Breast Cancer Survival Up With Everolimus + Exemestane
(HealthDay News) - Everolimus plus exemestane improves progression-free survival (PFS) for postmenopausal women with hormone-receptor (HR)-positive breast cancer; and pertuzumab plus trastuzumab plus docetaxel improves PFS in human epidermal growth factor receptor type 2 (HER2)-positive metastatic breast cancer, according to two studies published online December 7, 2011 in the New England Journal of Medicine to coincide with presentation at the annual San Antonio Breast Cancer Symposium, held from December 6 to 10.
José Baselga, MD, PhD (of the Massachusetts General Hospital Cancer Center in Boston) and colleagues compared the safety and efficacy of everolimus and exemestane with that of placebo and exemestane in 724 postmenopausal women with HR-positive breast cancer, who had recurrence or progression during treatment with nonsteroidal aromatase inhibitors, advanced disease, or both. PFS was the primary end point. The local investigators found that the everolimus plus exemestane and placebo groups had median PFS of 6.9 and 2.8 months, respectively (HR, 0.43), while according to central assessment, median PFS was 10.6 and 4.1 months, respectively (HR, 0.36).
In another study, Baselga and colleagues compared the safety and efficacy of pertuzumab plus trastuzumab and docetaxel (pertuzumab group) with that of placebo plus trastuzumab and docetaxel (control group), as first-line treatment for 808 patients with HER2-positive metastatic breast cancer. PFS was the primary end point. The median PFS was 12.4 and 18.5 months in the control and pertuzumab groups, respectively (HR, 0.62).
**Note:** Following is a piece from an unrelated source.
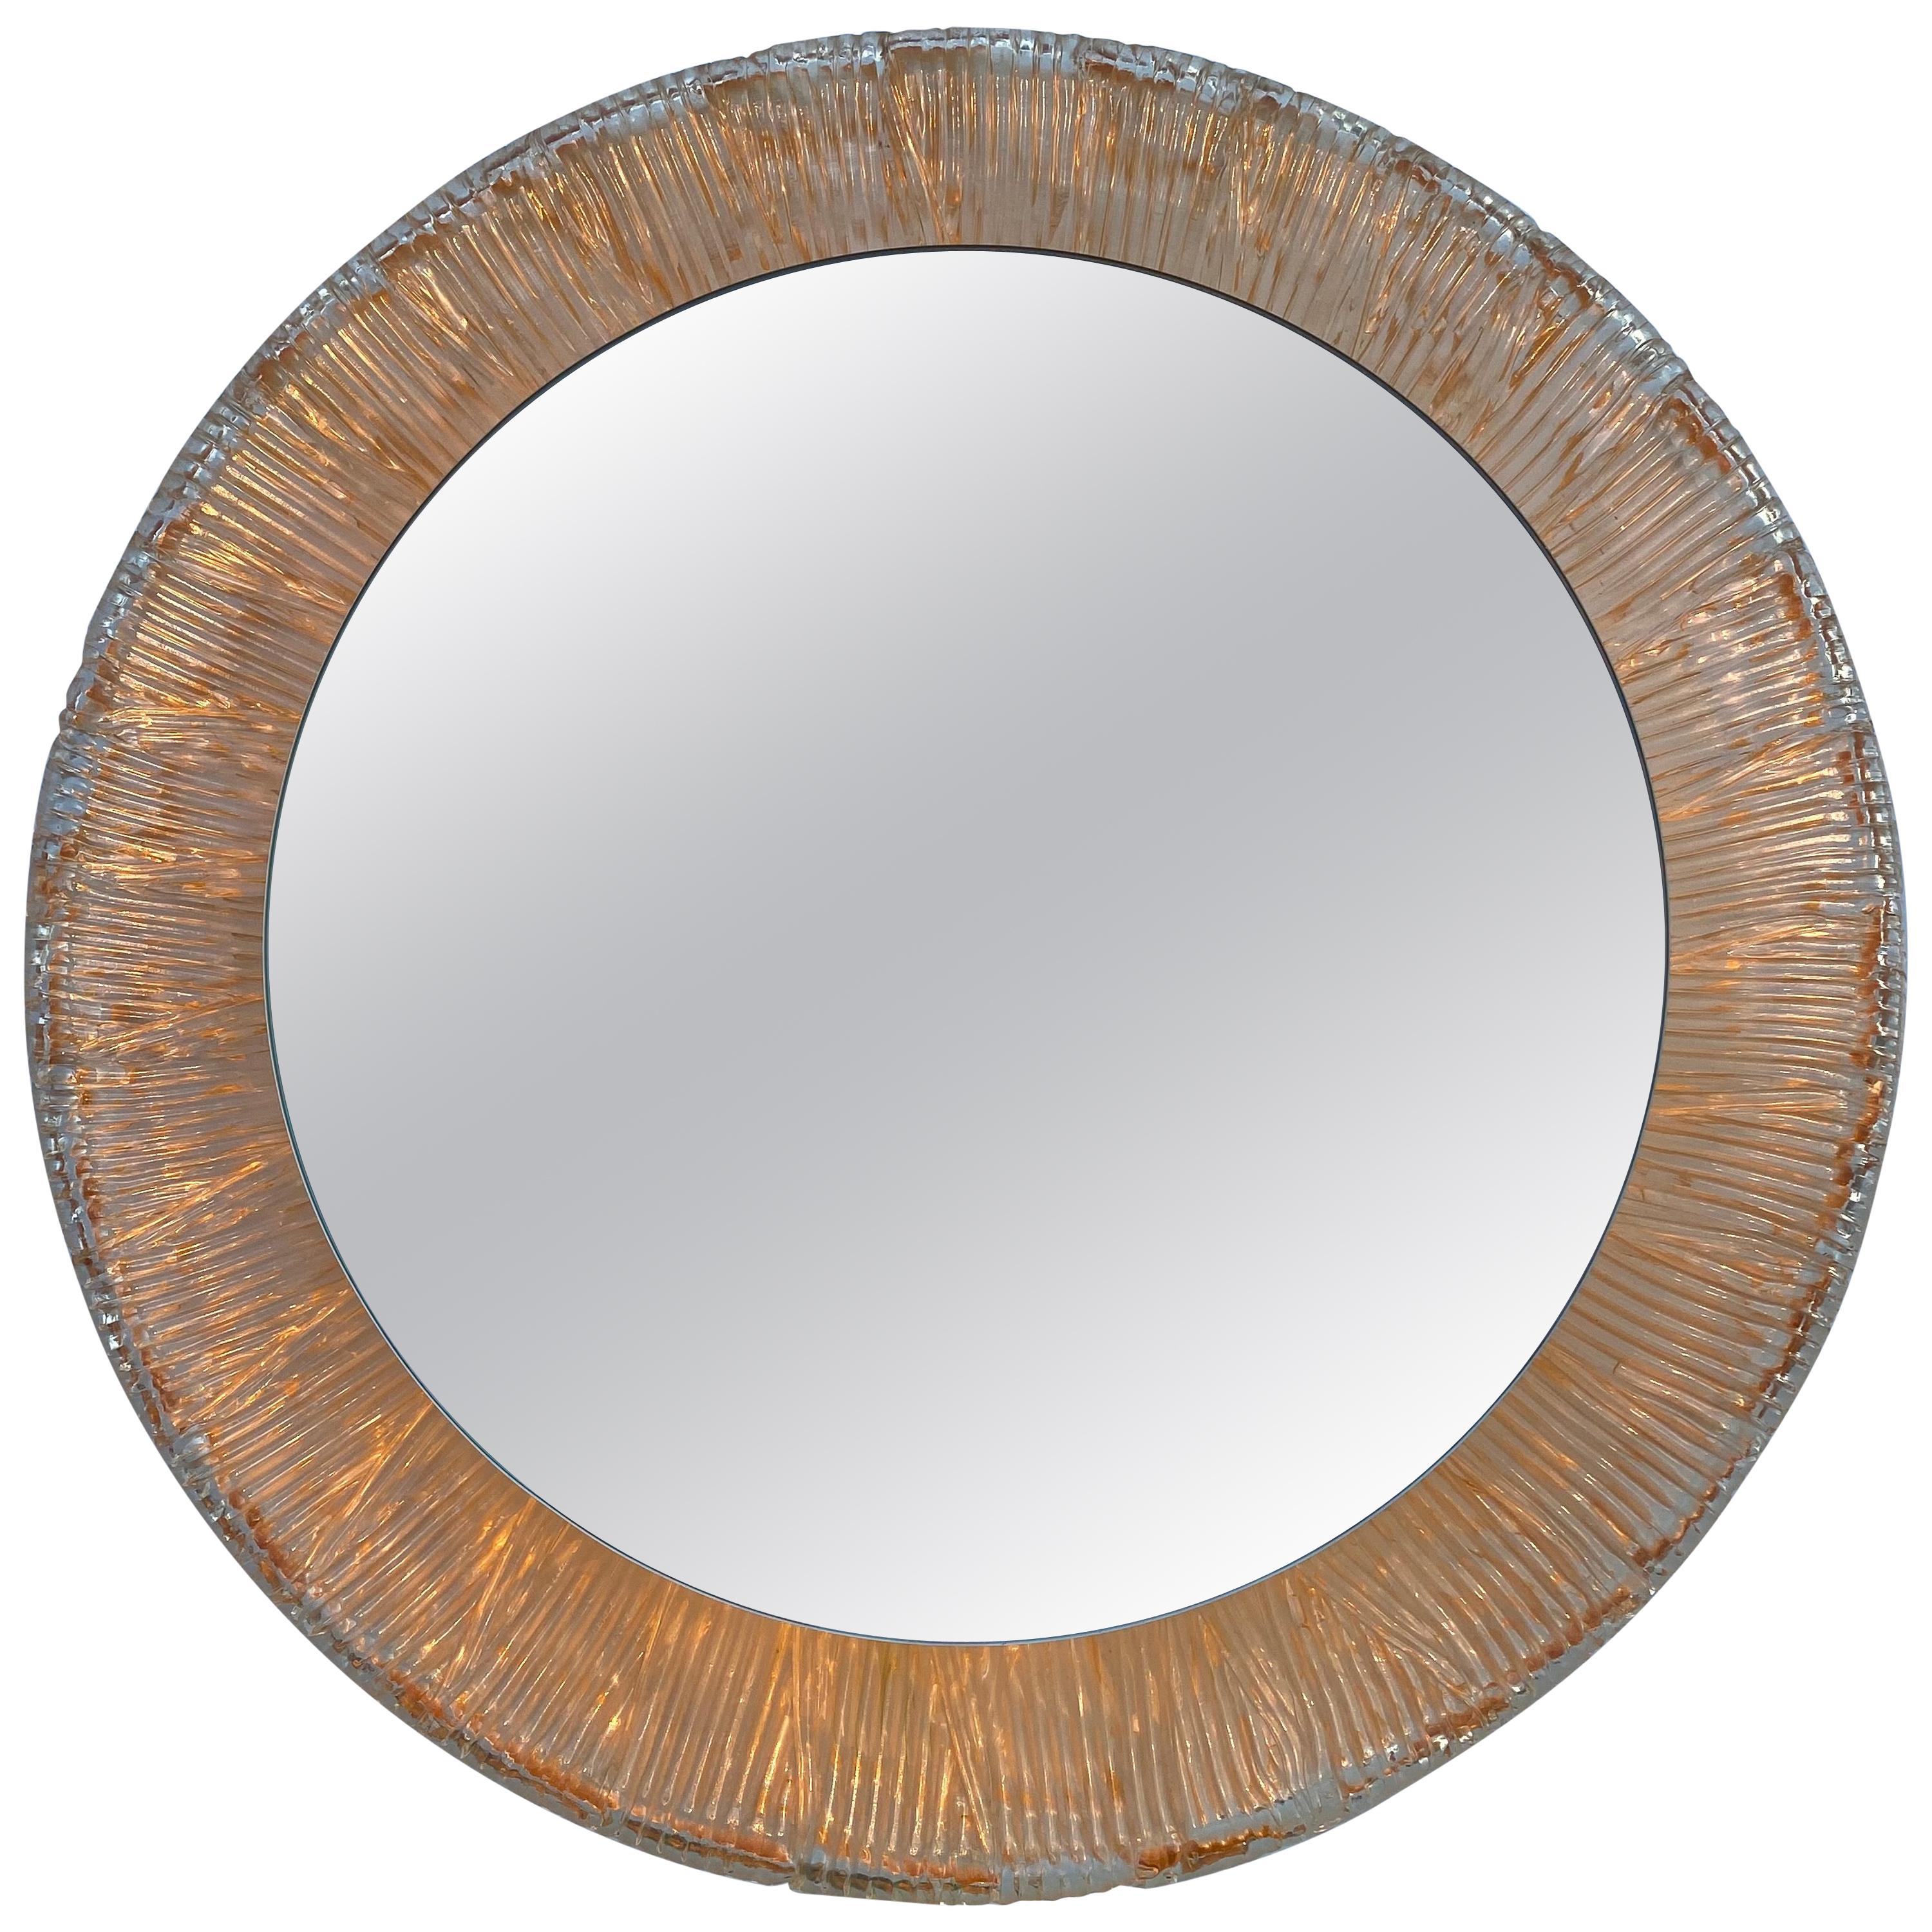 Illuminated Round Acrylic Mirror
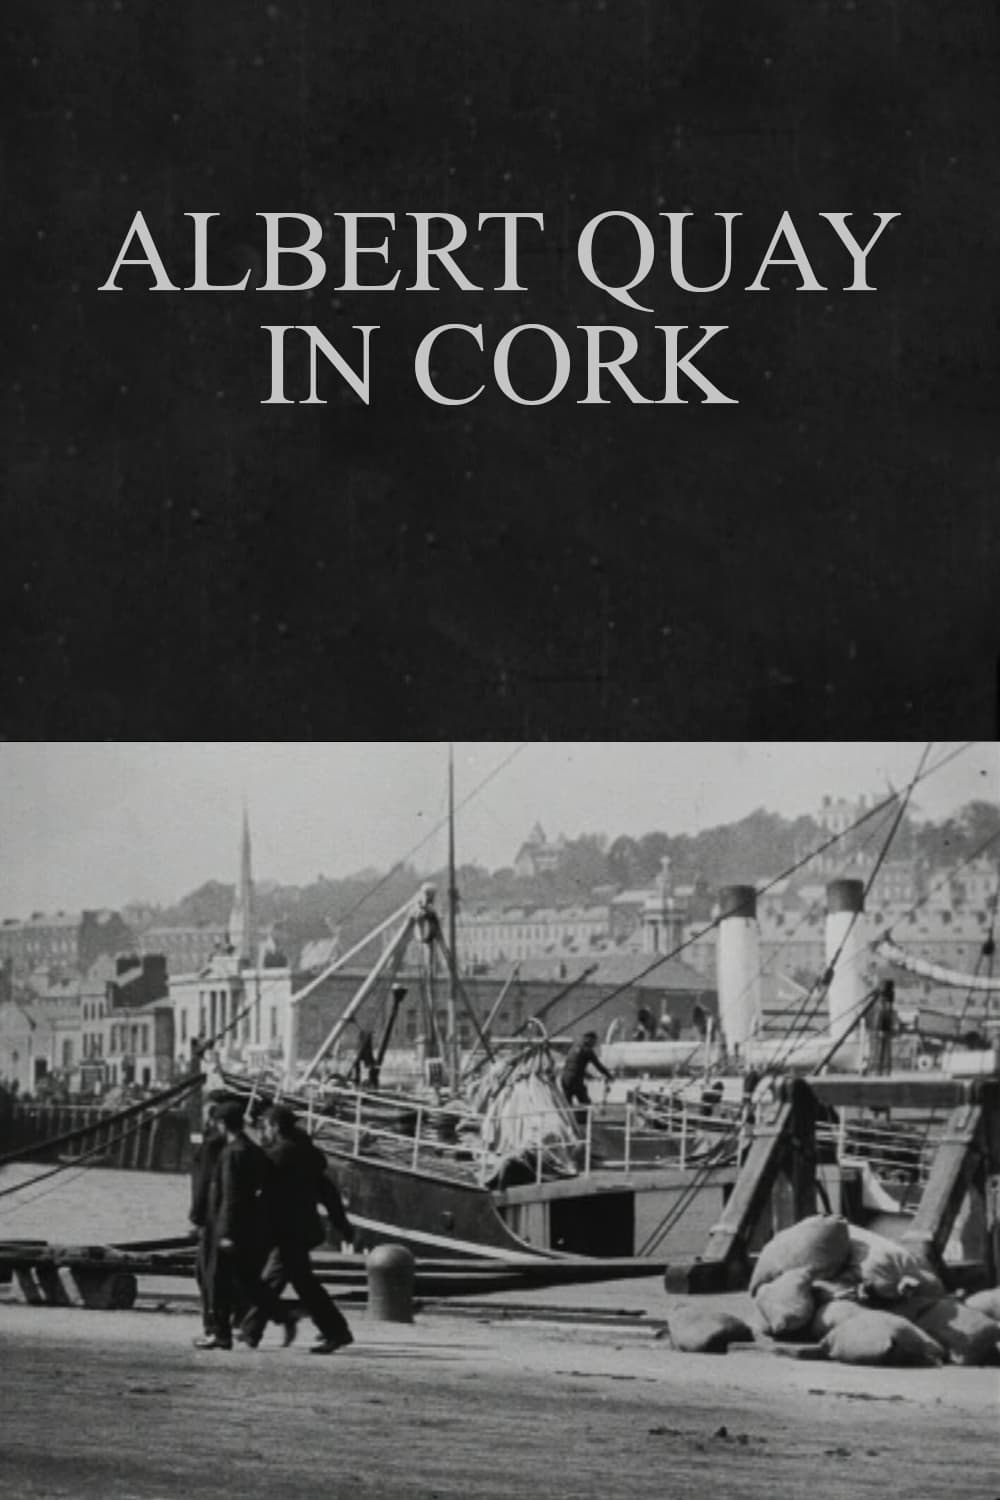 Albert Quay in Cork

"The combination of the anti-HER2 monoclonal antibodies pertuzumab and trastuzumab with docetaxel as first-line therapy prolonged progression-free survival in patients with HER2-positive metastatic breast cancer," write the authors of the second study.
The first study was funded by Novartis; the second study was funded by F. Hoffmann-La Roche and Genentech. Authors from both studies disclosed financial relationships with pharmaceutical companies, including those funding the studies.